# [EXERCISE OBJECTIVE]
Output exactly the lines that come between the start of the material and the line containing "Awkward+Family+Photos+brings+humor+to+Fort+Collins+Art+Museum", both ends included, with the pictures omitted.

# [RECORDED INFORMATION]
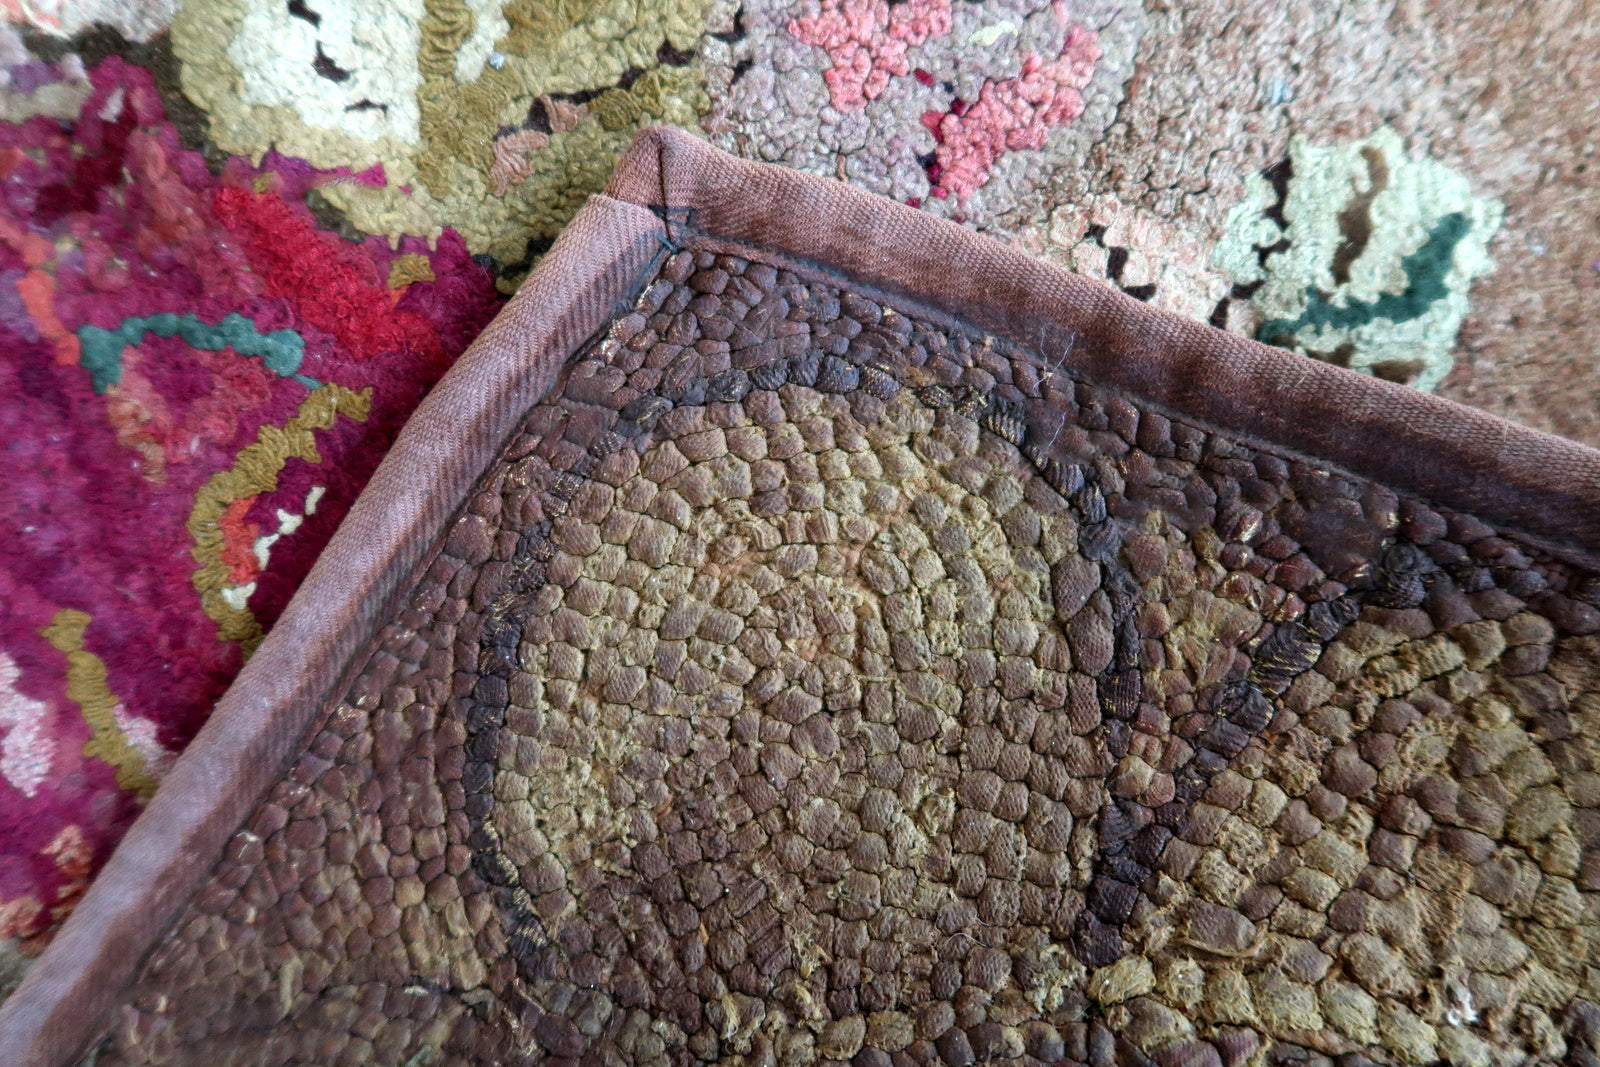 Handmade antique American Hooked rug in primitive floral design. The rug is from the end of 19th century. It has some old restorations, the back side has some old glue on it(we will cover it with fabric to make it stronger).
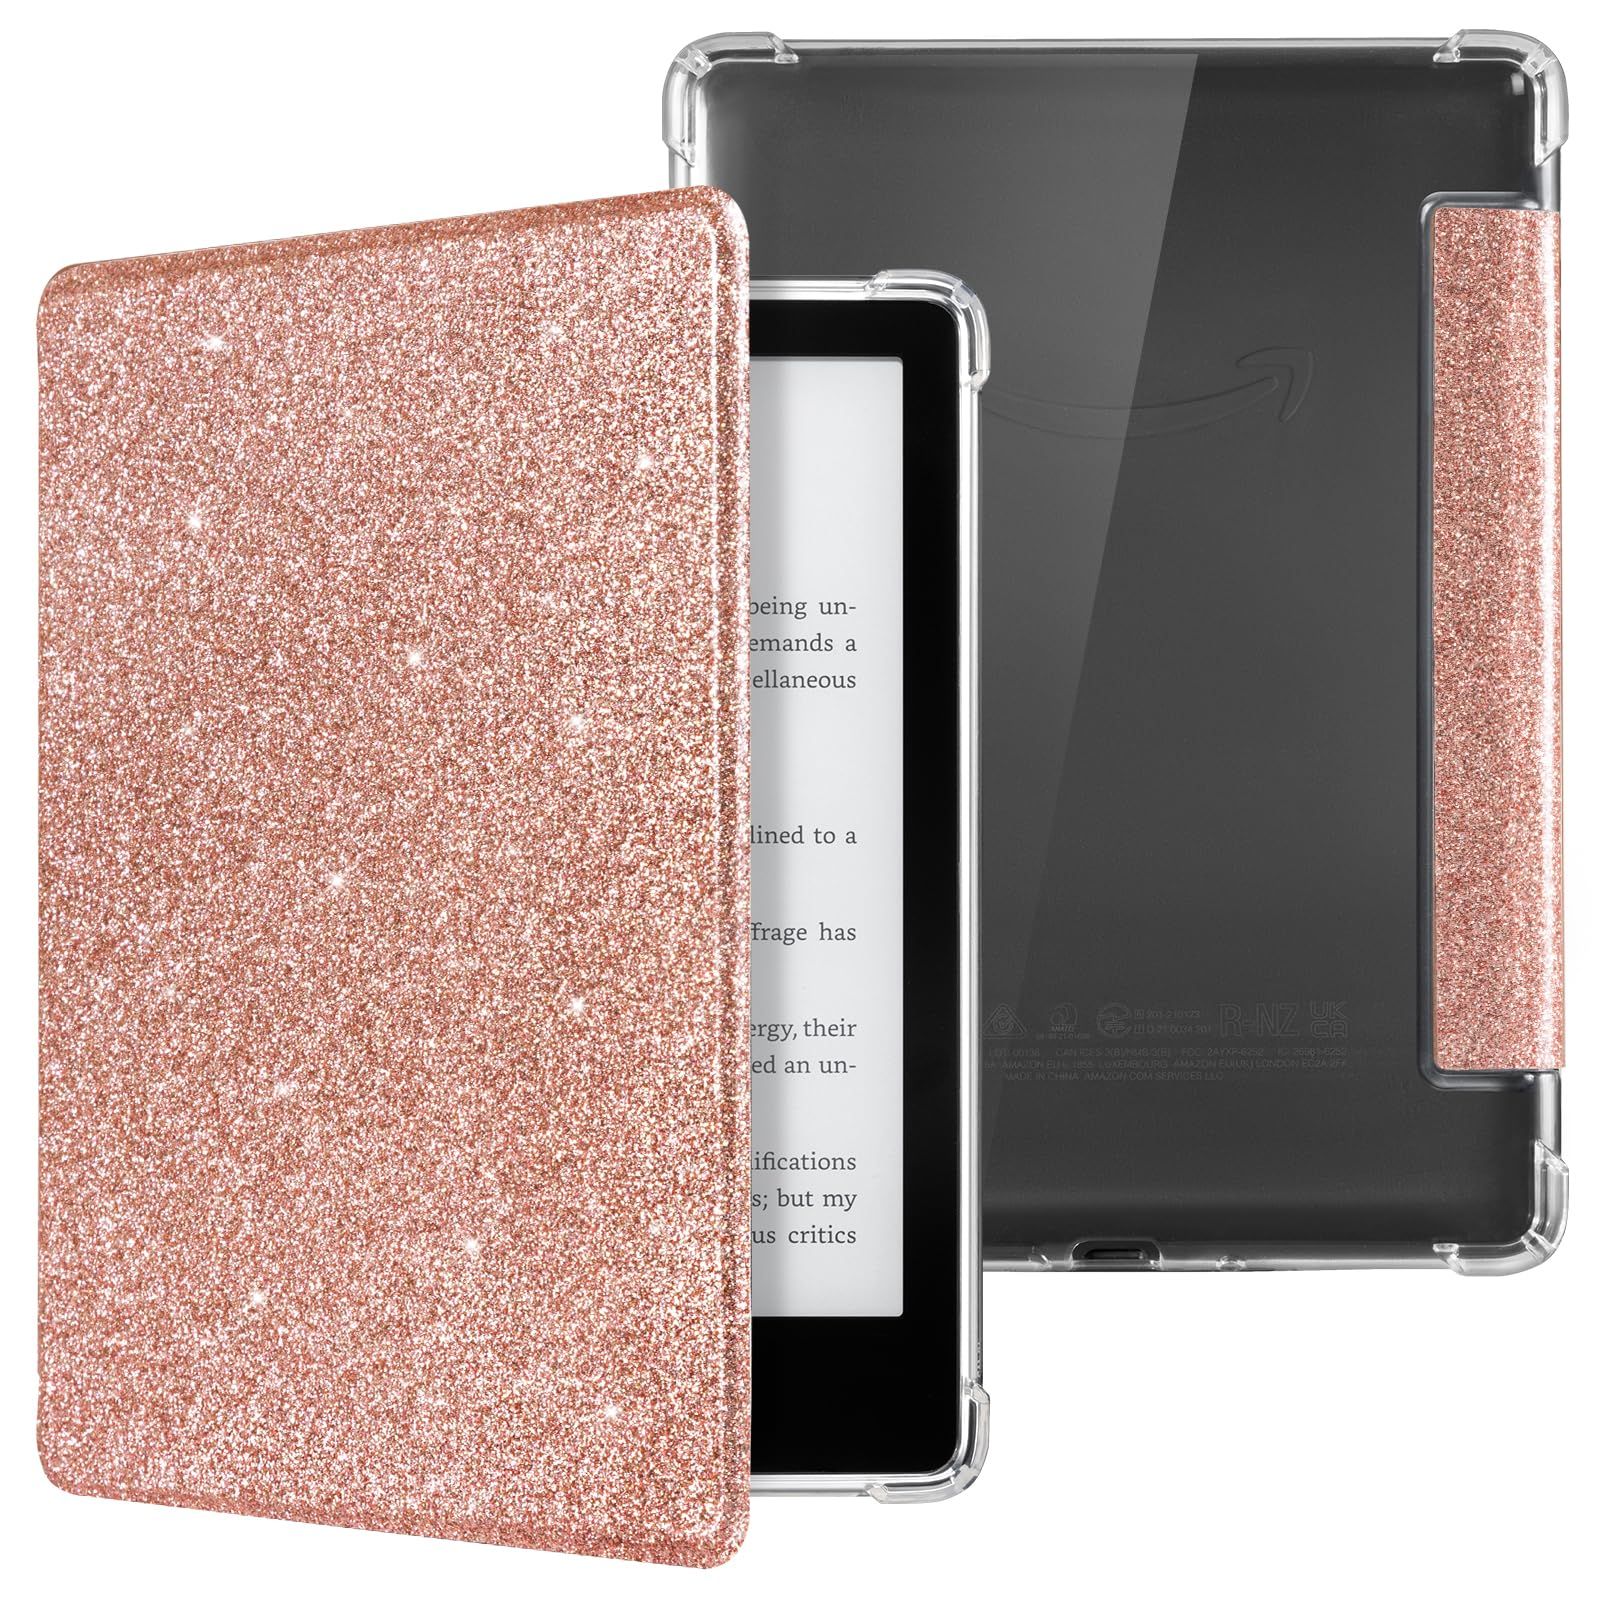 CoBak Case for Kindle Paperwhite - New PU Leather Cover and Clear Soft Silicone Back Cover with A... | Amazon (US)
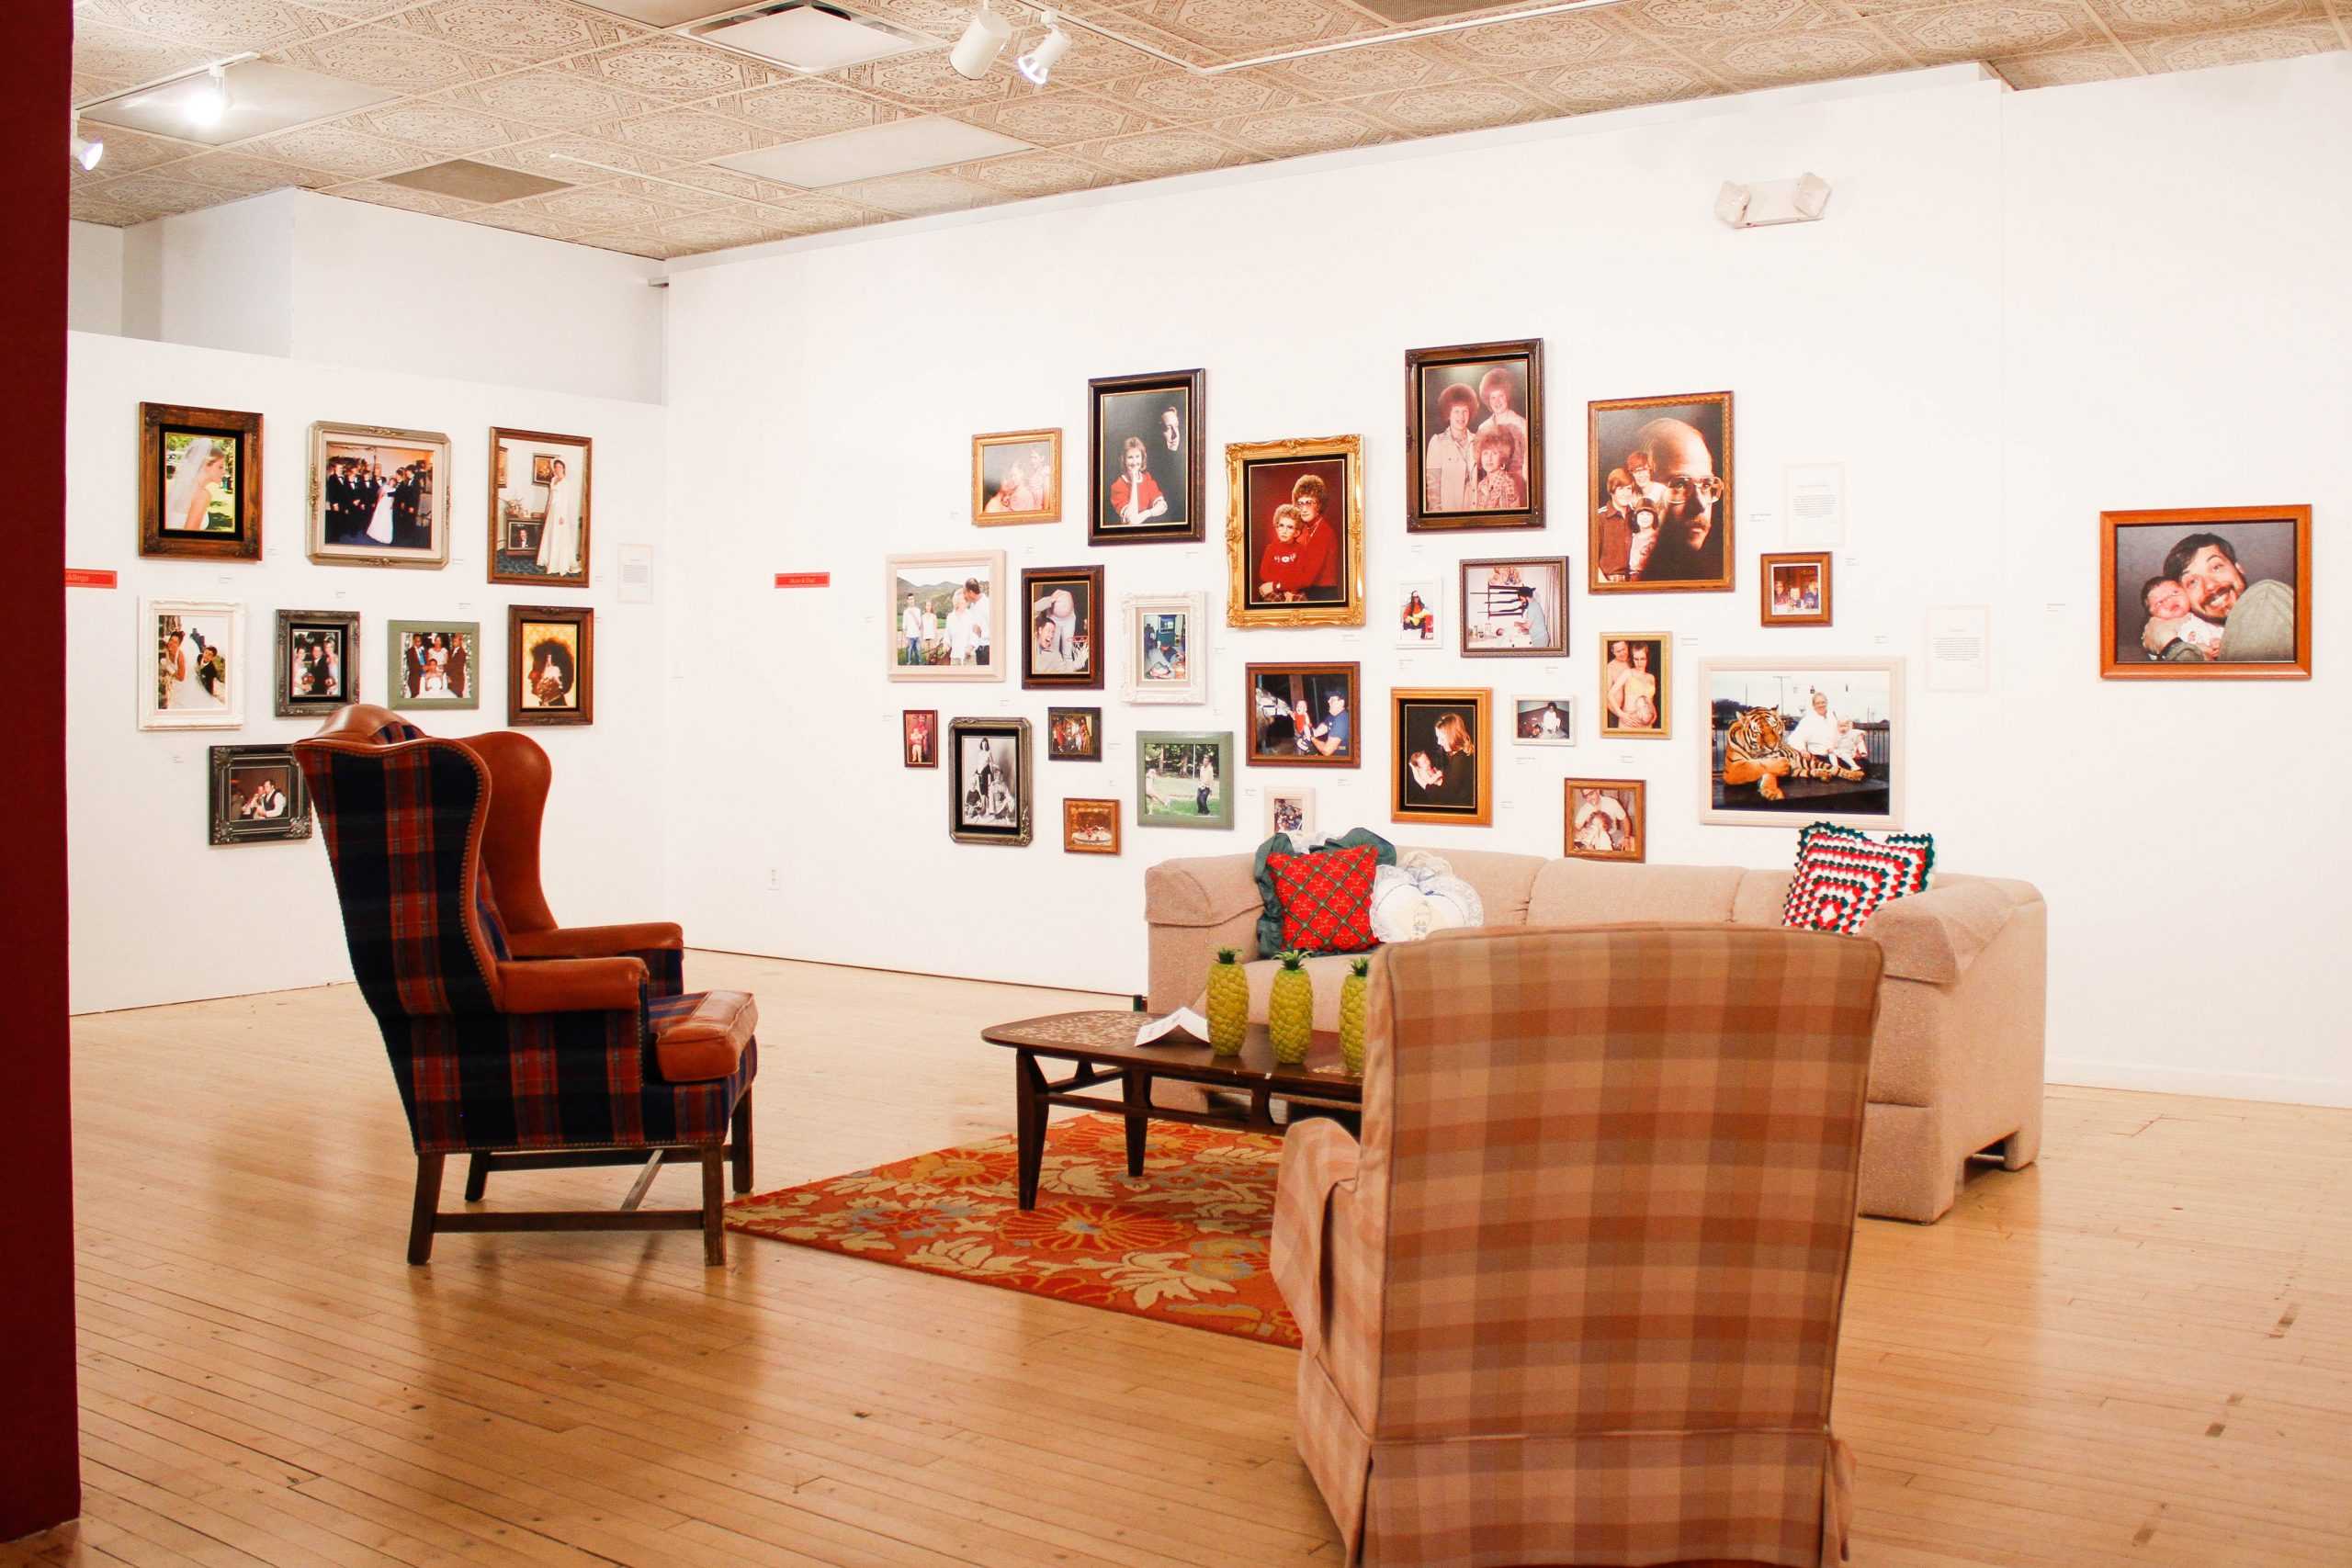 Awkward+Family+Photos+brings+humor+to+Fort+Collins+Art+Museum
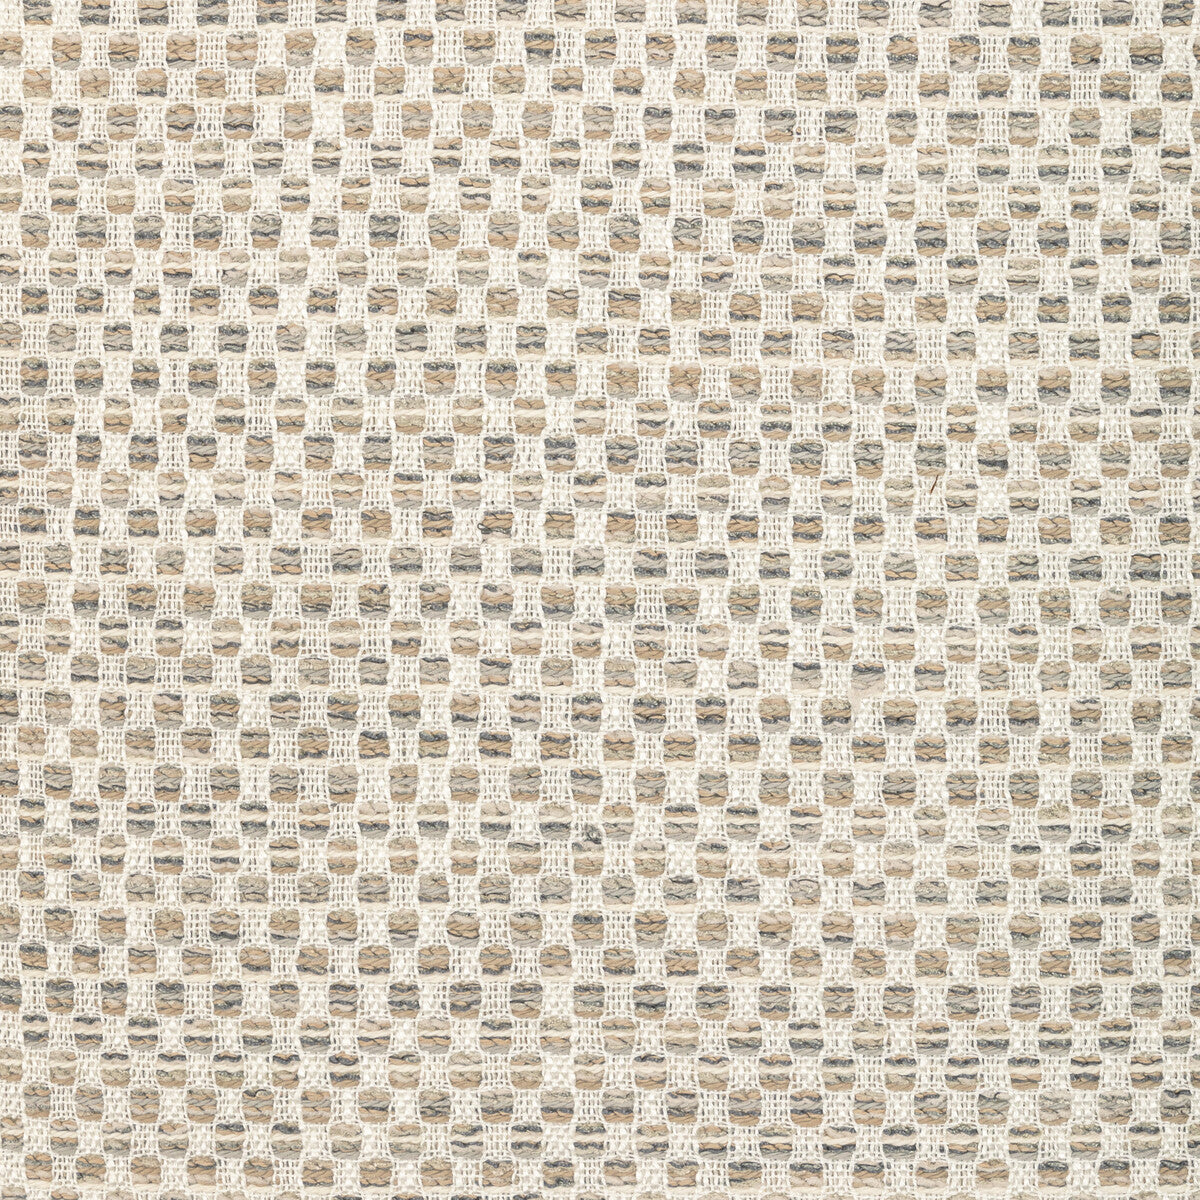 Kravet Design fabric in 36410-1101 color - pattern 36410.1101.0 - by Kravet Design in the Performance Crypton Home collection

# [OUTPUT BELOW]
 Handmade antique American Hooked rug in primitive floral design. The rug is from the end of 19th century. It has some old restorations, the back side has some old glue on it(we will cover it with fabric to make it stronger).
 CoBak Case for Kindle Paperwhite - New PU Leather Cover and Clear Soft Silicone Back Cover with A... | Amazon (US)
 Awkward+Family+Photos+brings+humor+to+Fort+Collins+Art+Museum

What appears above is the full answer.